1. Buka konten
  2. Buka menu utama
  3. Buka situs DW lainnya

Seakan Begitu Mudah Merebut Suara Generasi Milenial

27 Oktober 2018

Revolusi Indonesia tahun 1945-1948, digerakkan oleh mereka yang berusia antara 18 sampai 25 tahun. Bagaimana dengan generasi muda sekarang? Kini mereka jadi rebutan kaum elite politik. Simak opini Aris Santoso.

https://p.dw.com/p/36Plu
Indonesien Schüler der High School in Uniform
Foto: Imago/Zumapress

Generasi baru yang kini lebih populer disebut Generasi Y atau generasi milenial (mereka yang lahir di era 1990-an), hari ini sedang menjadi primadona dalam konteks Pilpres 2019.

Jumlah mereka yang besar, telah menjadi incaran capres-cawapres yang sedang bertarung menuju kekuasaan periode 2019-2024.

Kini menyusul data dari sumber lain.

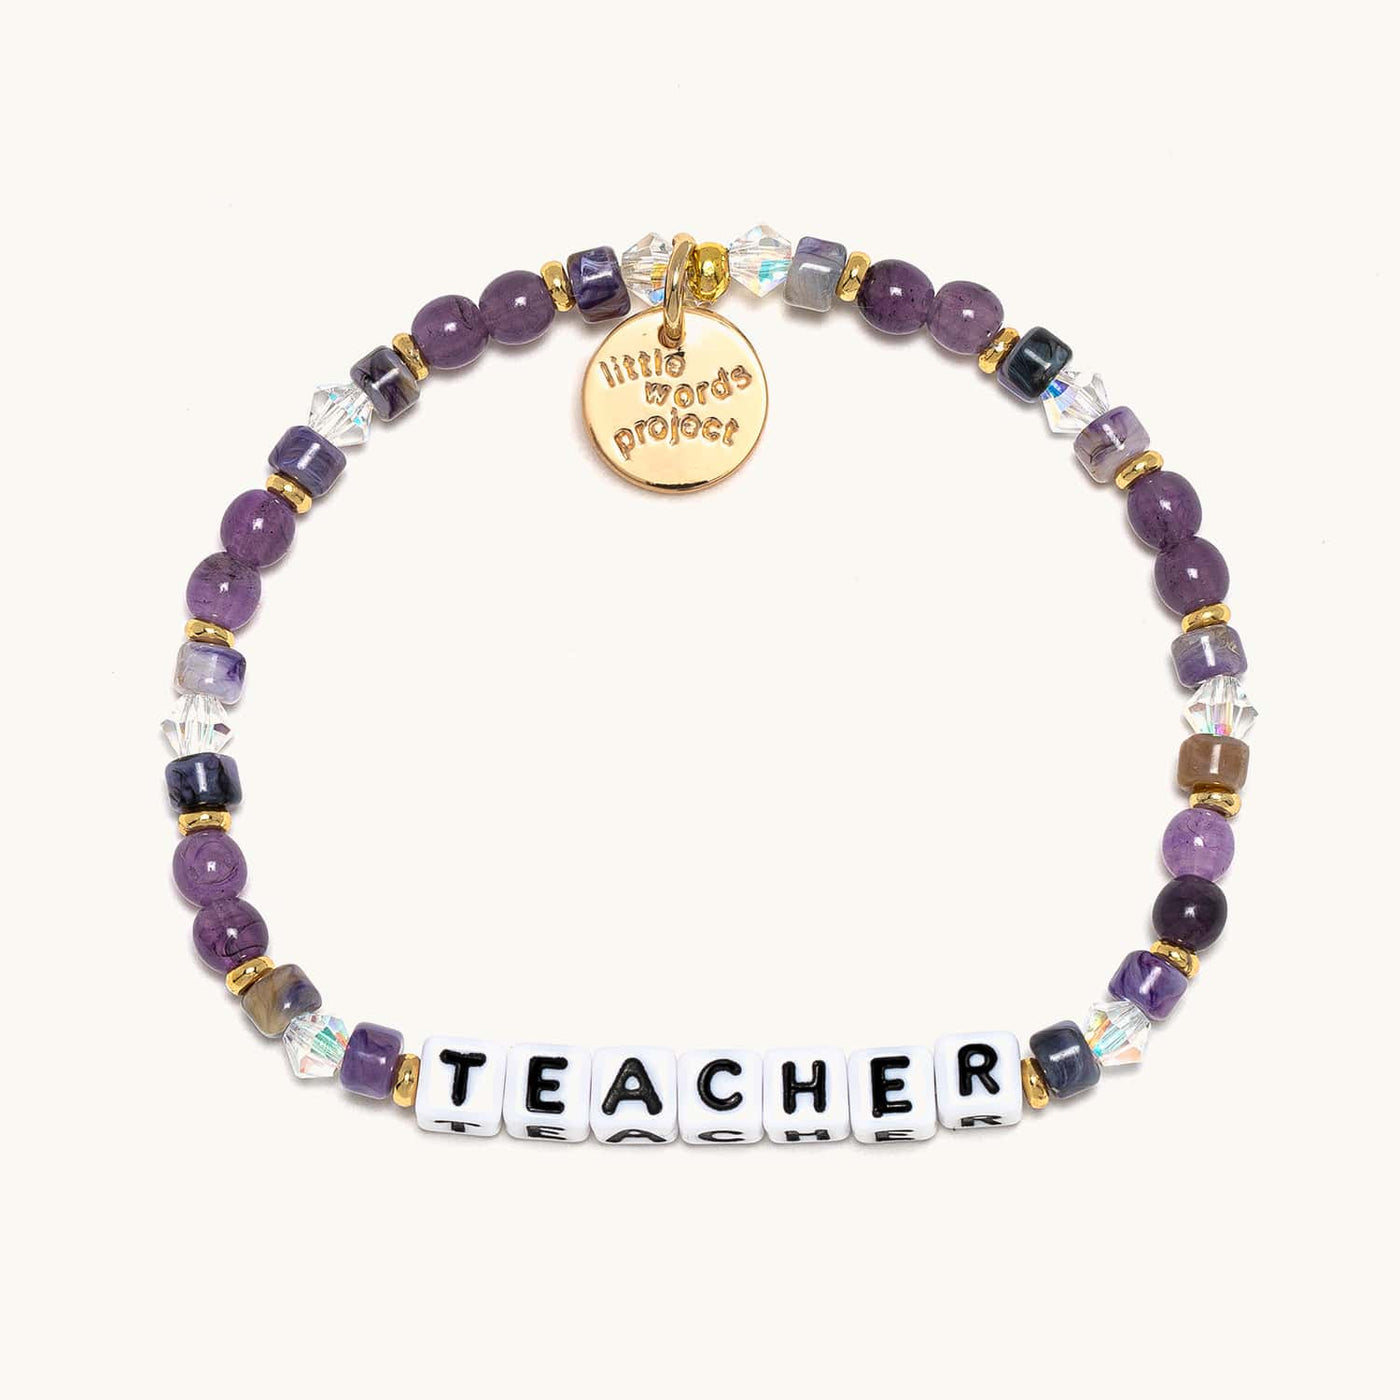 Teacher Purple Bracelet - Everyday Heroes - Little Words Project

Tumbuh keyakinan di masing-masing kubu, bisa mendulang suara dari generasi milenial akan memberi hasil signifikan dalam kontestasi hari ini.

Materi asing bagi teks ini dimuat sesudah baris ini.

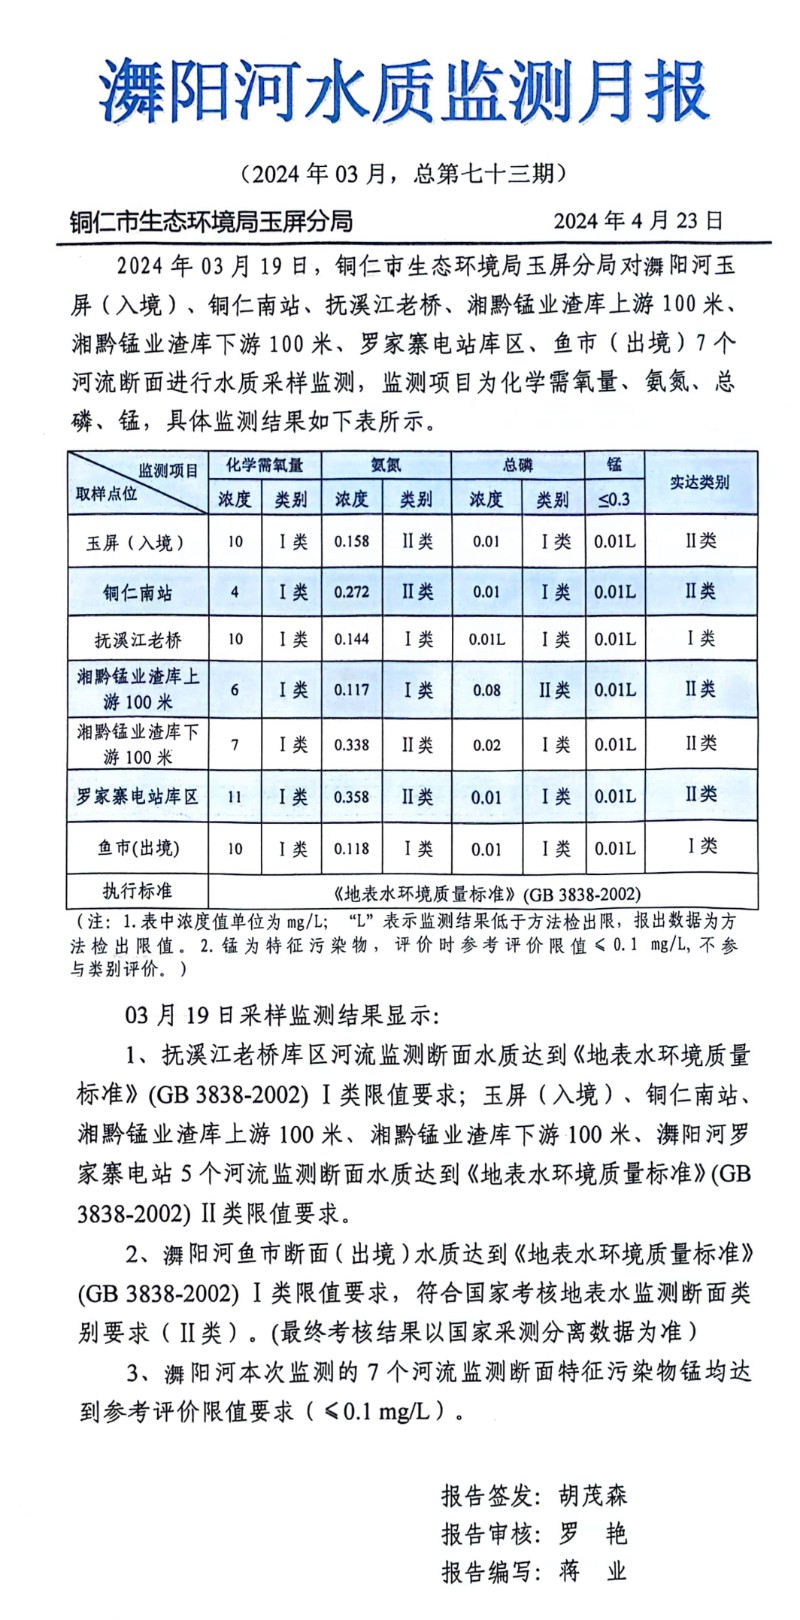 舞阳河水质监测月报(202404)

Bila kita perhatikan, masing-masing kubu terlihat demikian optimisnya, bakal merebut simpati generasi milenial, tanpa kita pernah tahu  apa yang mendasari mereka, sehingga  begitu optimistis.

Penulis: Aris Santoso
Penulis: Aris SantosoFoto: privat

Publik belum pernah melihat, bagaimana peta jalan masing-masing kubu dalam upaya mendekati generasi milenial. Yang kita kita lihat baru sebatas pernyataan verbal, lalu bagaimana operasionalnya di lapangan, selama ini masih samar-samar.

Saya sendiri khawatir, sebenarnya para capres belum memiliki skema soal bagaimana mendekati kaum belia tersebut.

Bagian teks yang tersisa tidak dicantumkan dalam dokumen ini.